ACTIVITY – Since the records include pictures, leave those out while you reproduce exactly and only the lines from the one containing "When you love" through the one containing "Recommended Books", inclusive.

EXERCISE MATERIALS –
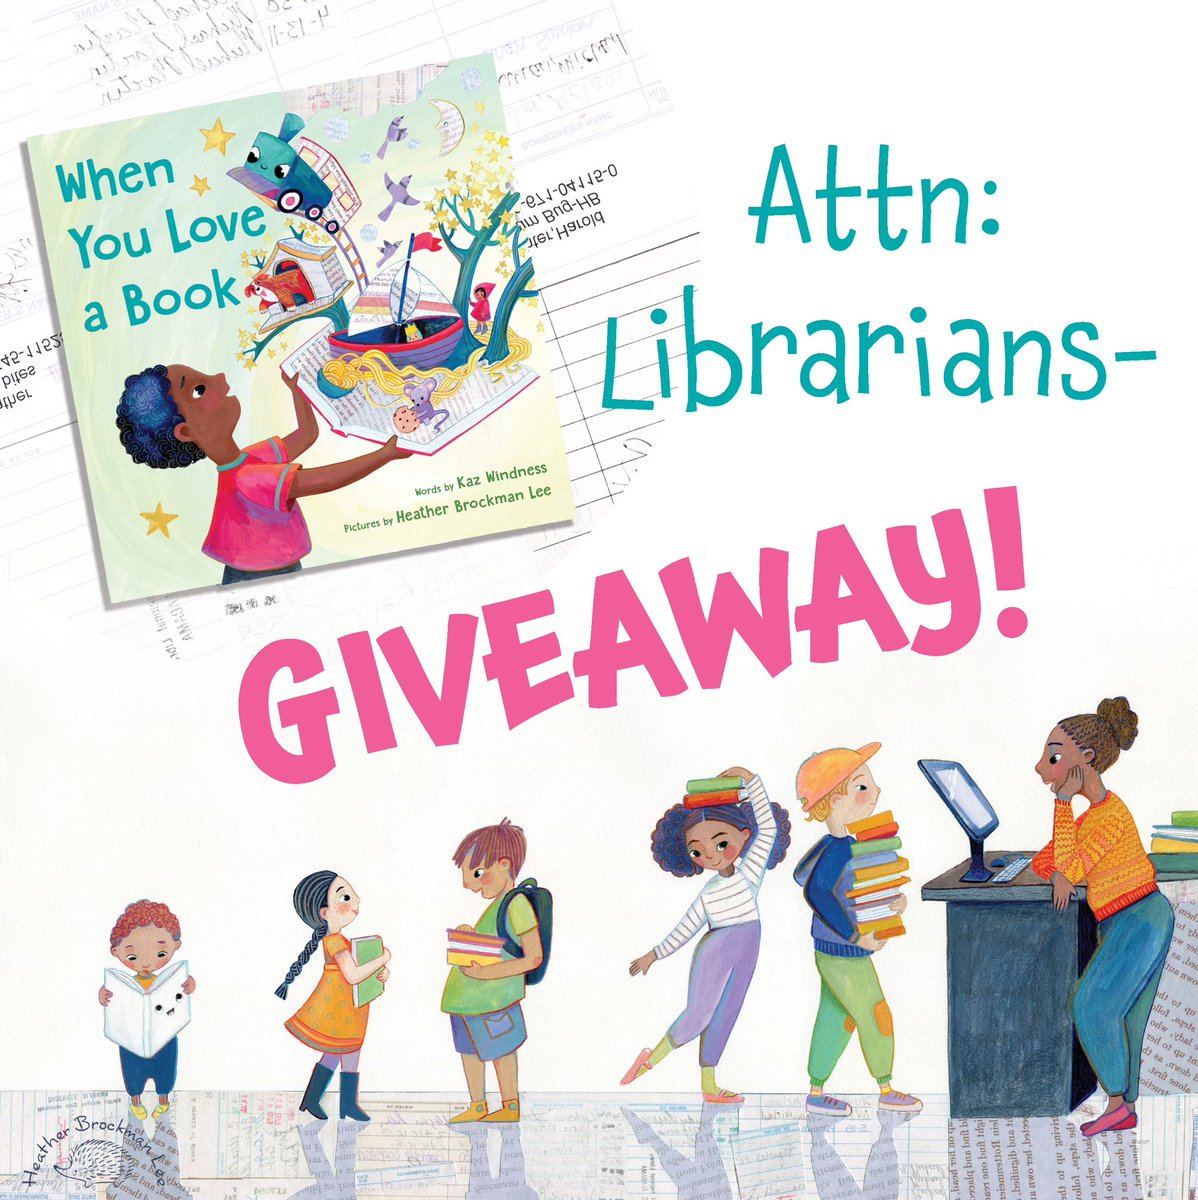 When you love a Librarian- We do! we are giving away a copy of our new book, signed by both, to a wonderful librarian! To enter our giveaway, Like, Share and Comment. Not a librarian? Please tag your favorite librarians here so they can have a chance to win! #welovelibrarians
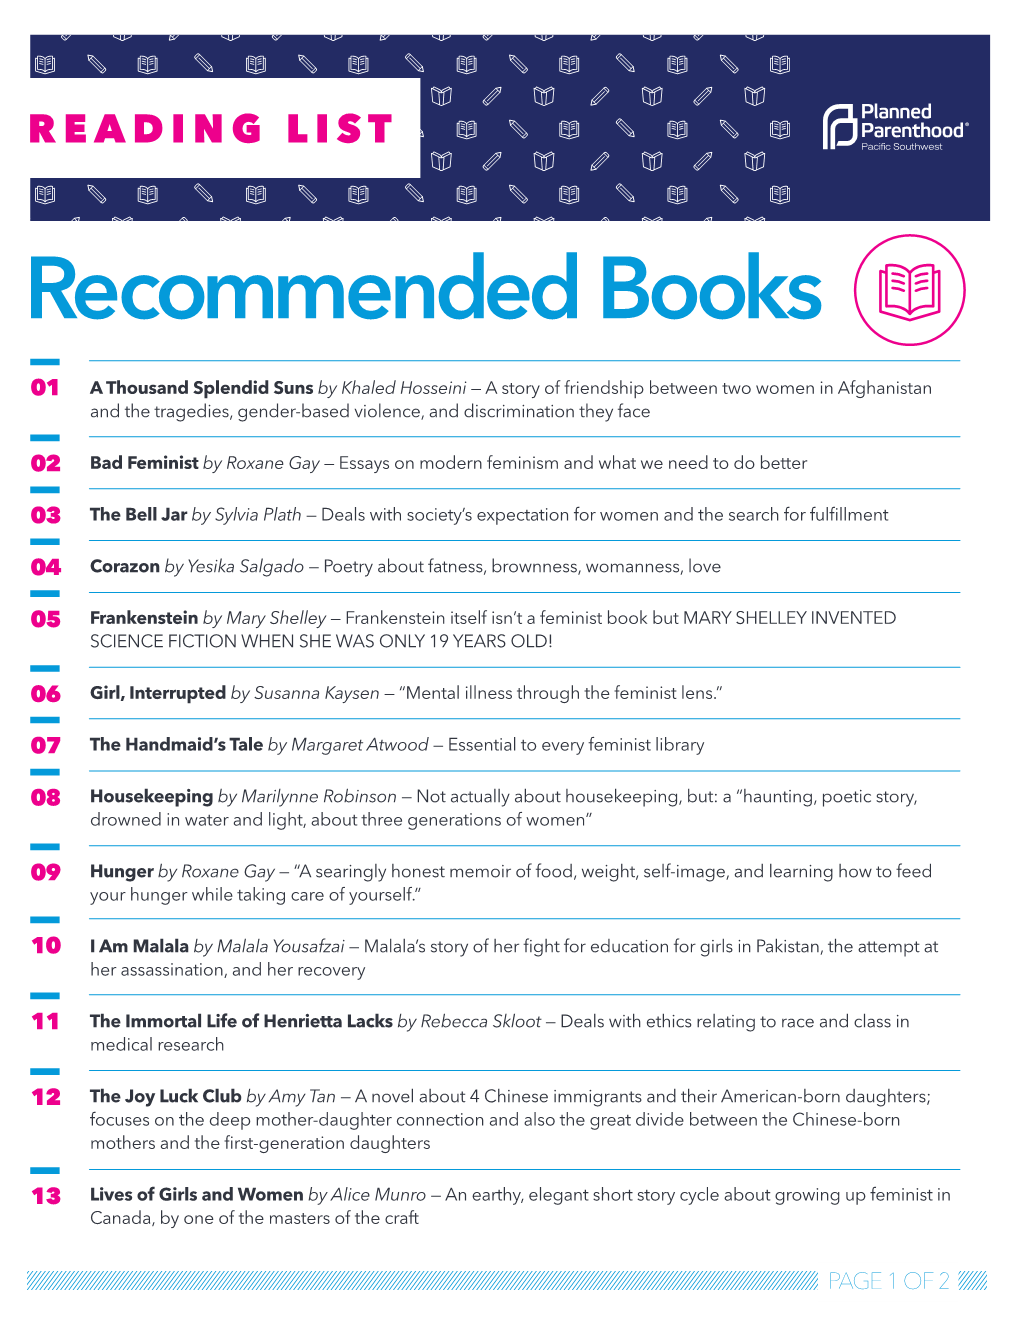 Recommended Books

==

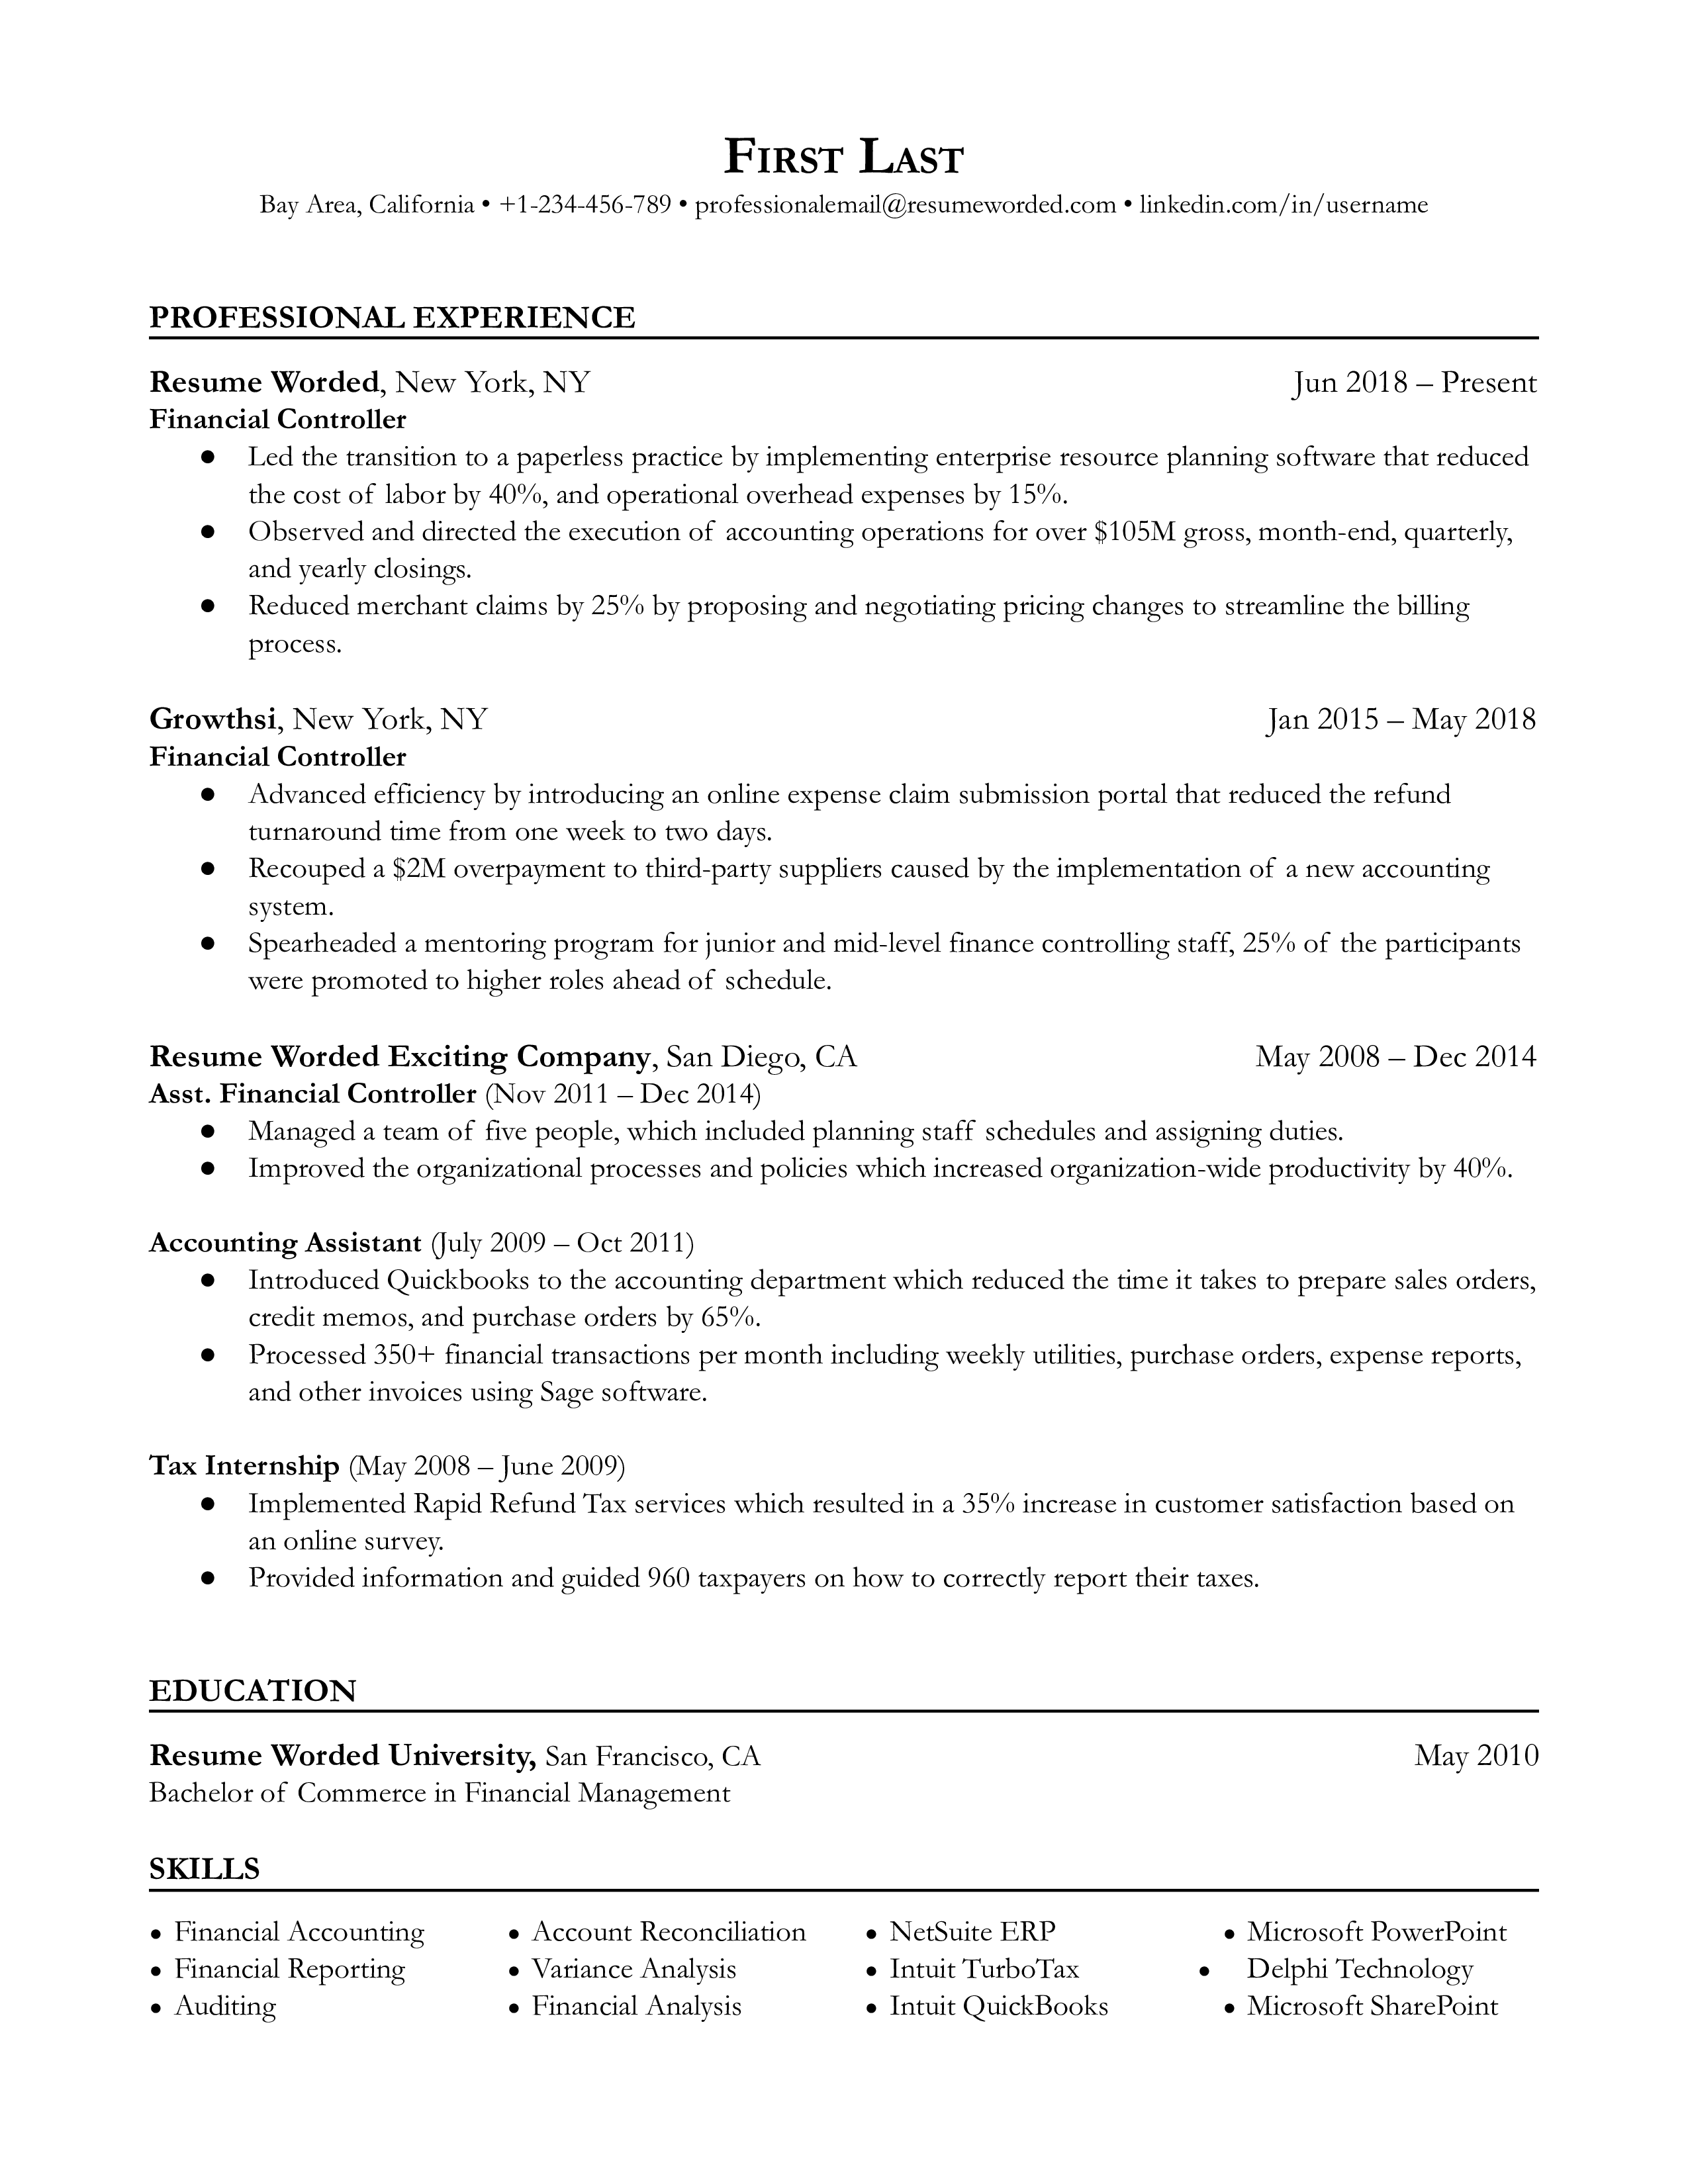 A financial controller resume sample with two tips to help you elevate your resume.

TASK RESULT –
 When you love a Librarian- We do! we are giving away a copy of our new book, signed by both, to a wonderful librarian! To enter our giveaway, Like, Share and Comment. Not a librarian? Please tag your favorite librarians here so they can have a chance to win! #welovelibrarians
 Recommended Books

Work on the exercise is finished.